* Input data:
== == ==
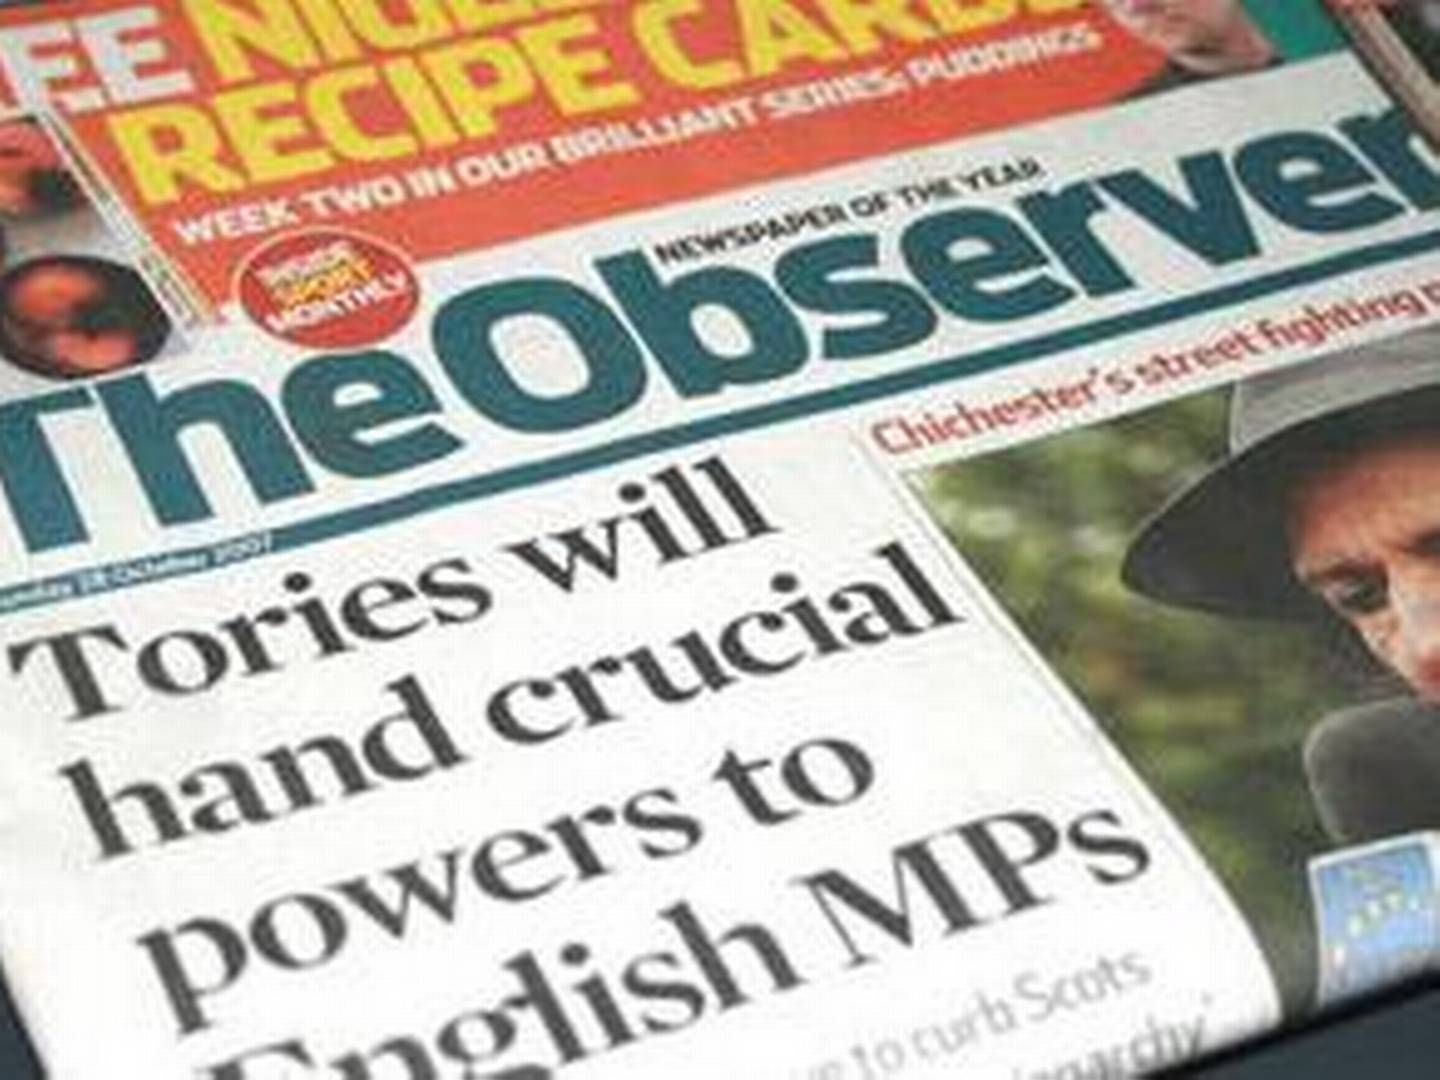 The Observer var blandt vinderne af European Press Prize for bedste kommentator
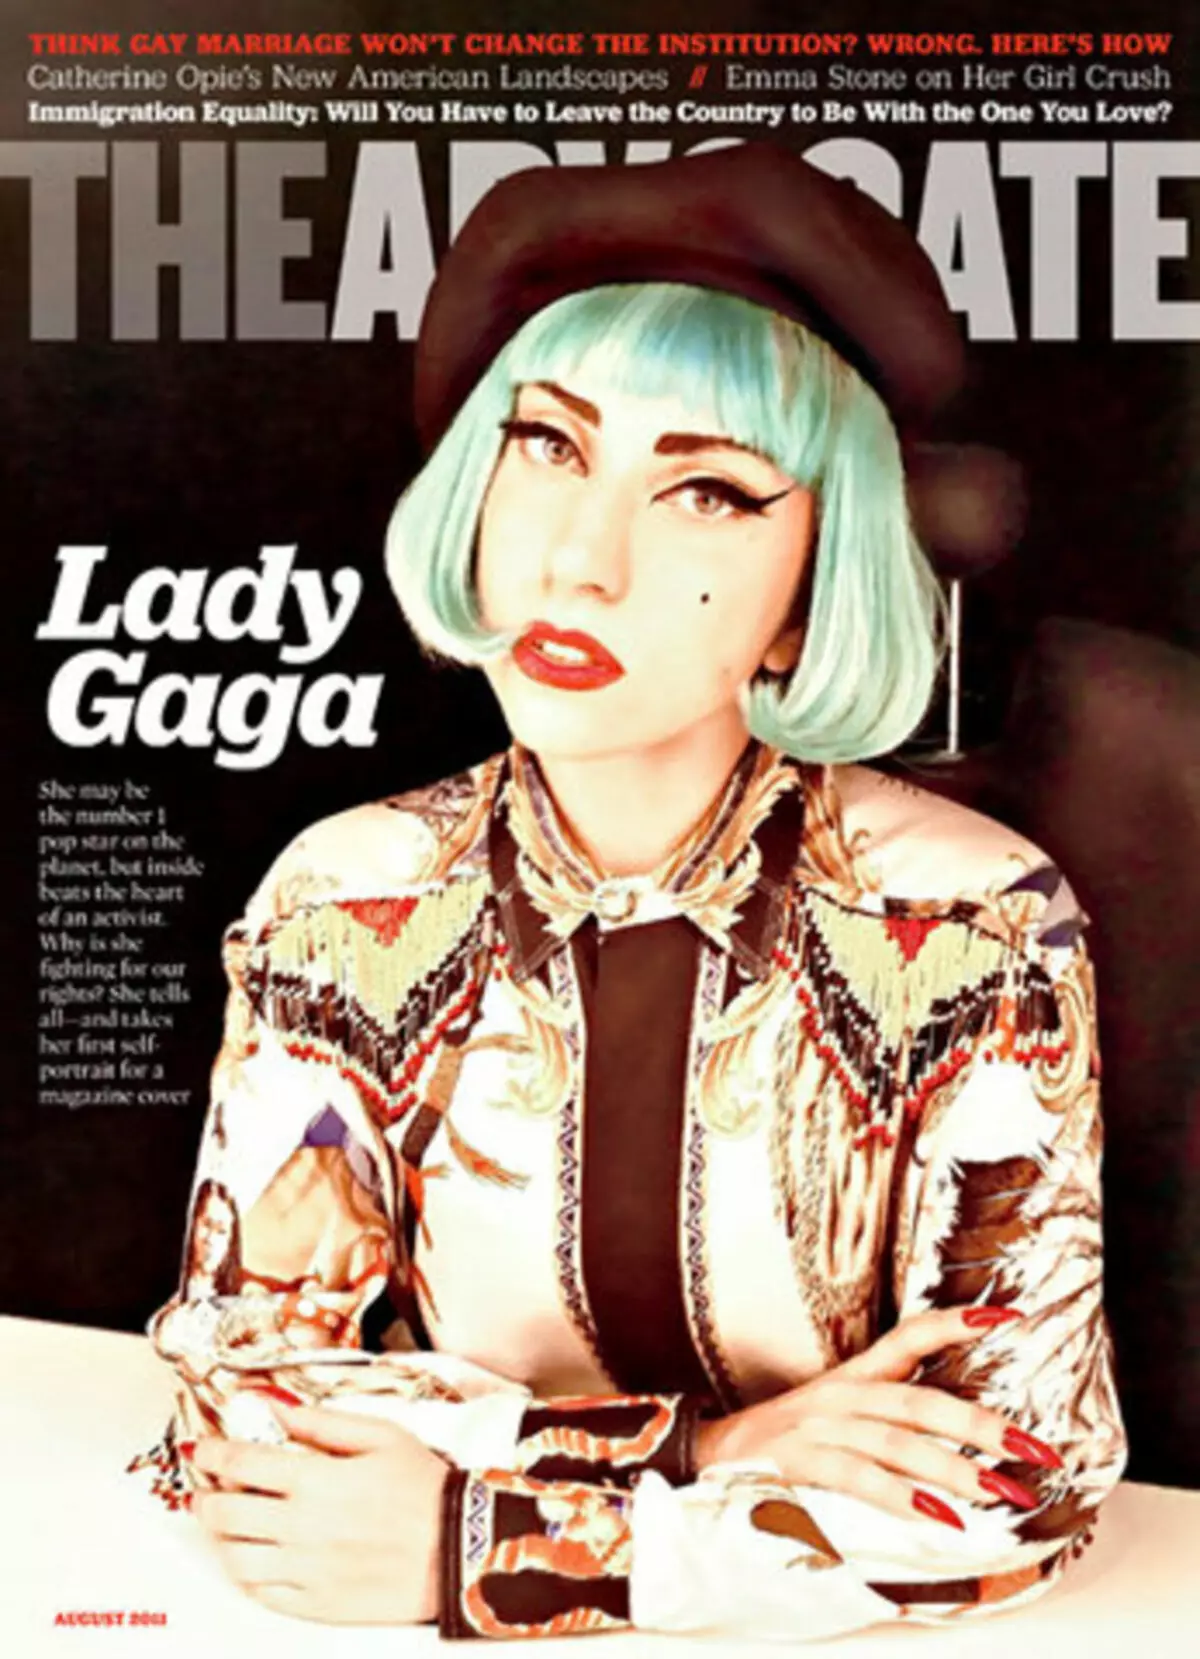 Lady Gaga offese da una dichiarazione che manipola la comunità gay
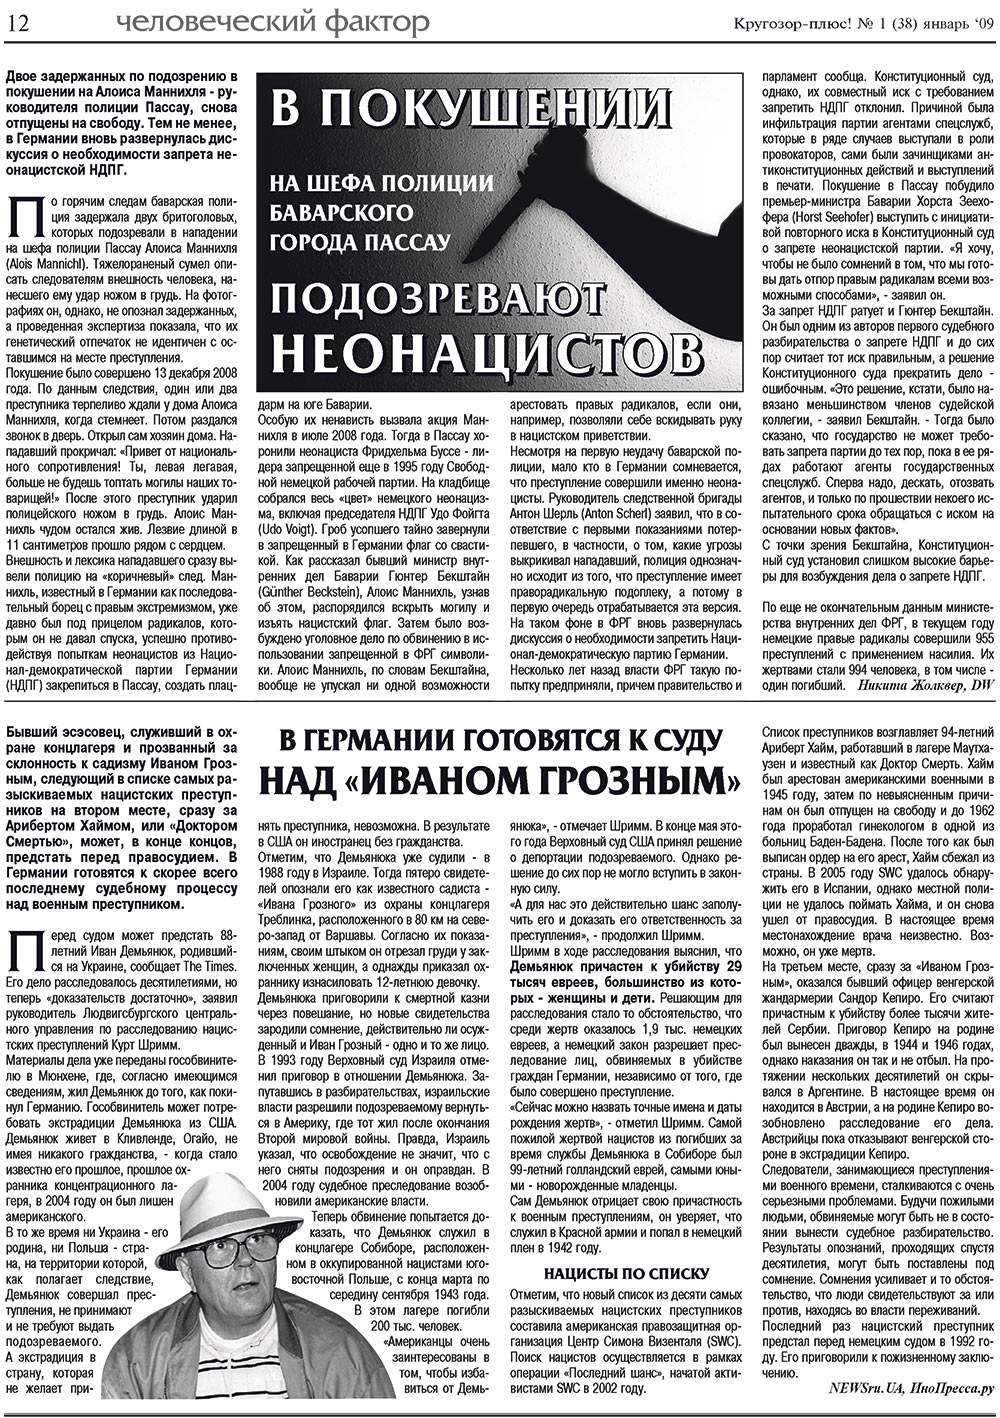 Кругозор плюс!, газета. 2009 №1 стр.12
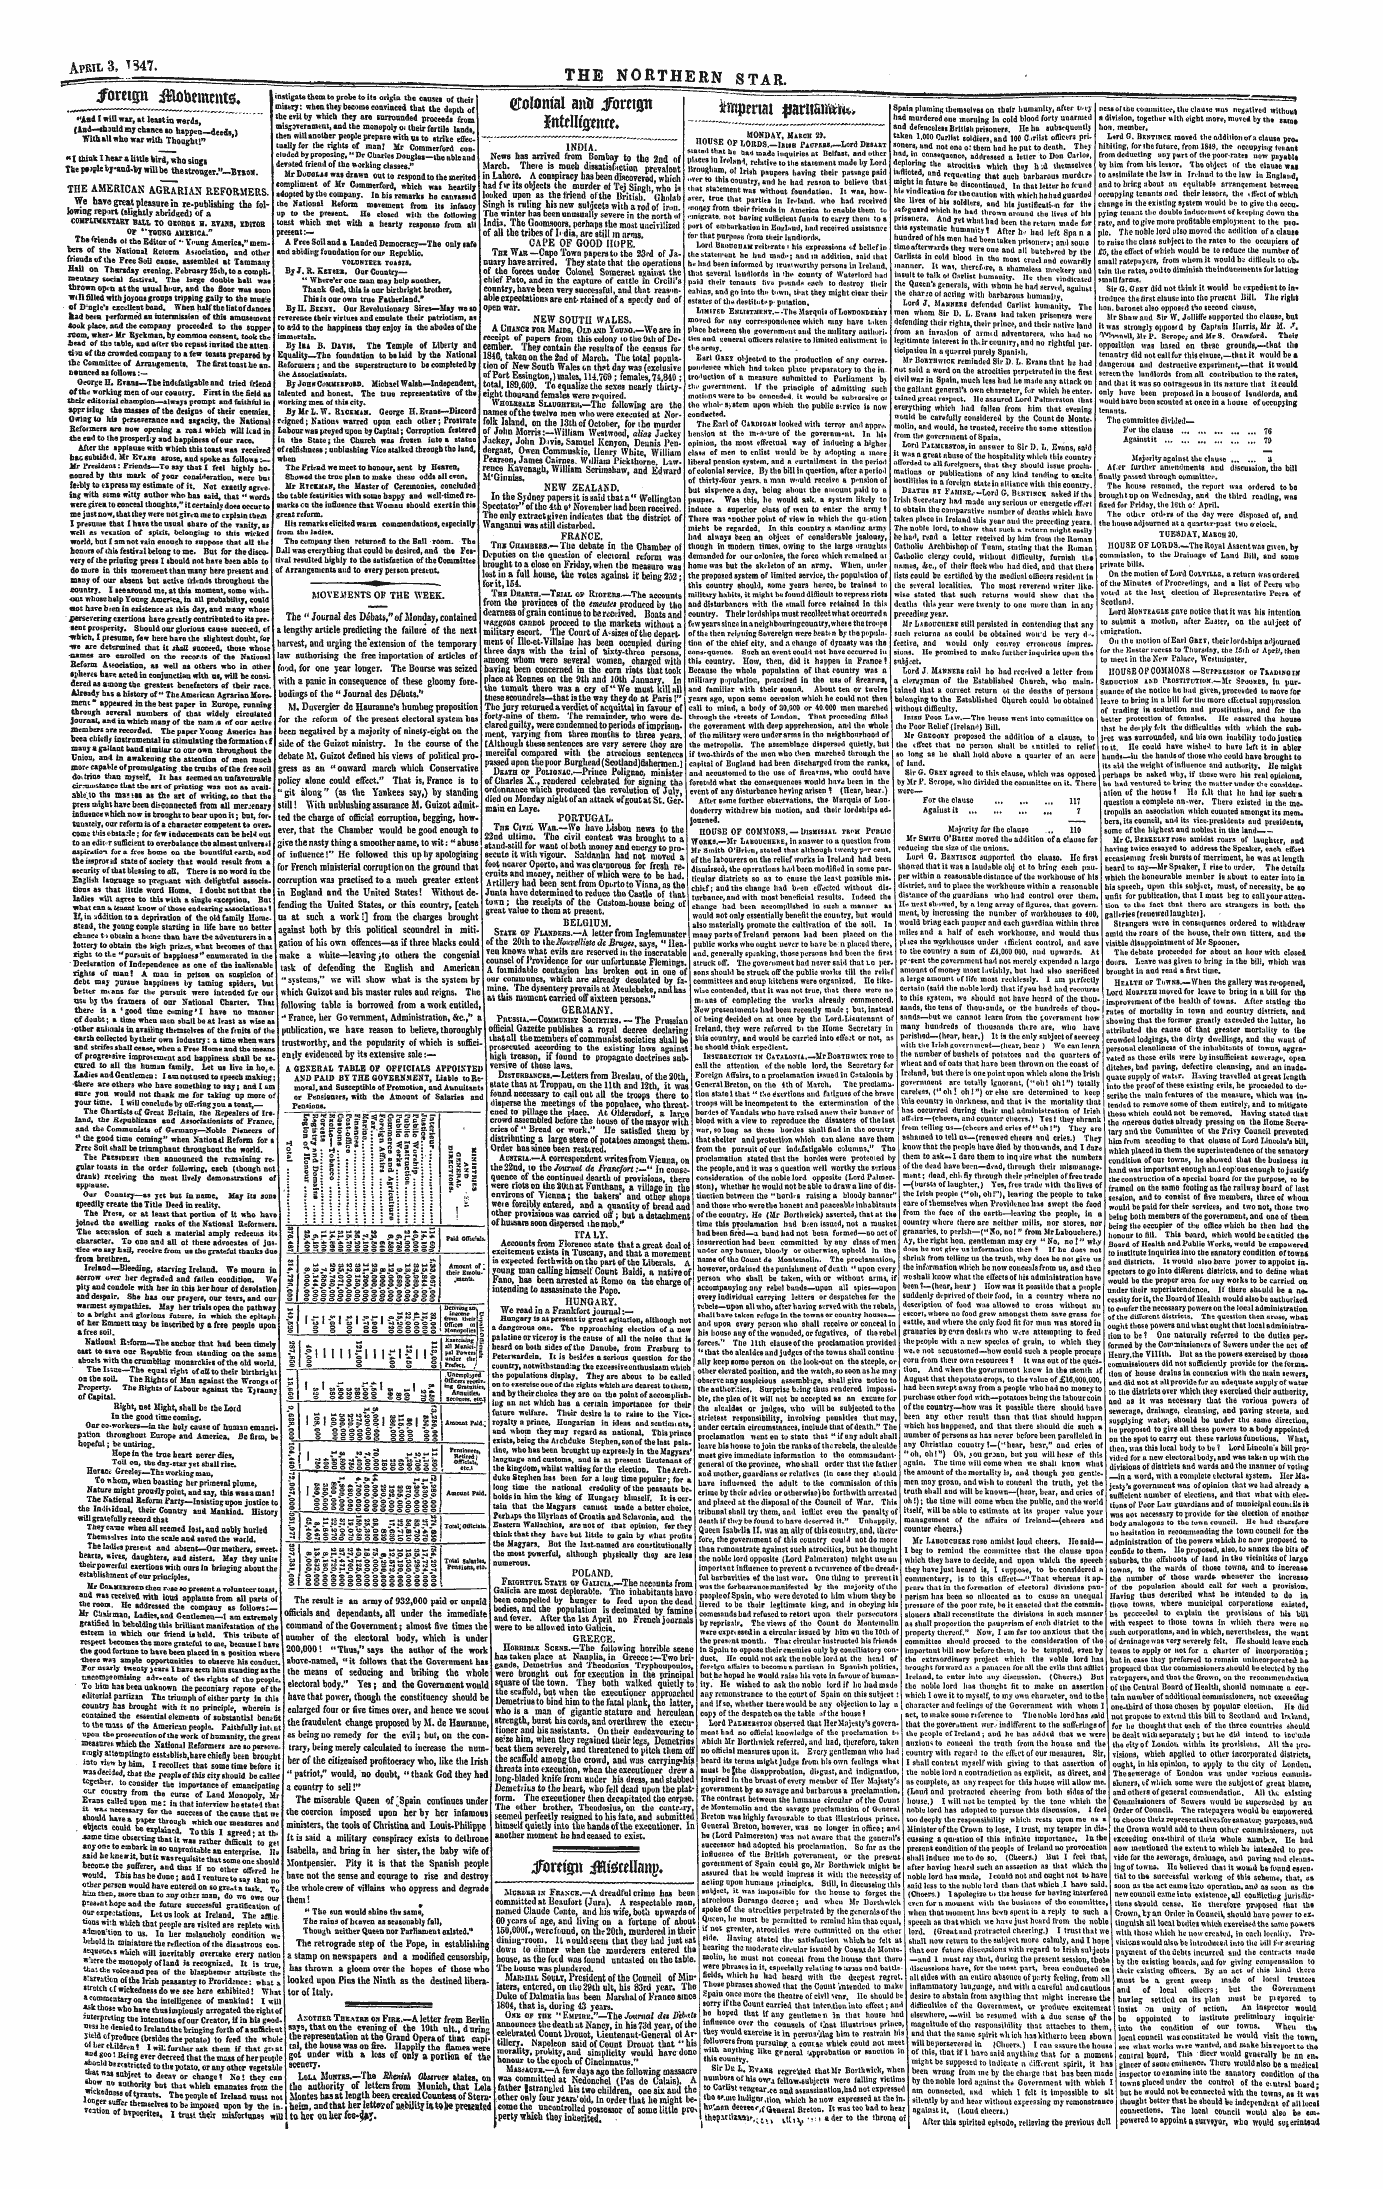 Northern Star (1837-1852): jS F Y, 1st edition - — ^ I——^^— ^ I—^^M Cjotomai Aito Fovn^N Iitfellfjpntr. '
== == ==
* Assignment: Retype the data in full. Images do not go in the copy.

* Your response:
 The Observer var blandt vinderne af European Press Prize for bedste kommentator
 Lady Gaga offese da una dichiarazione che manipola la comunità gay
 Кругозор плюс!, газета. 2009 №1 стр.12
 Northern Star (1837-1852): jS F Y, 1st edition - — ^ I——^^— ^ I—^^M Cjotomai Aito Fovn^N Iitfellfjpntr. '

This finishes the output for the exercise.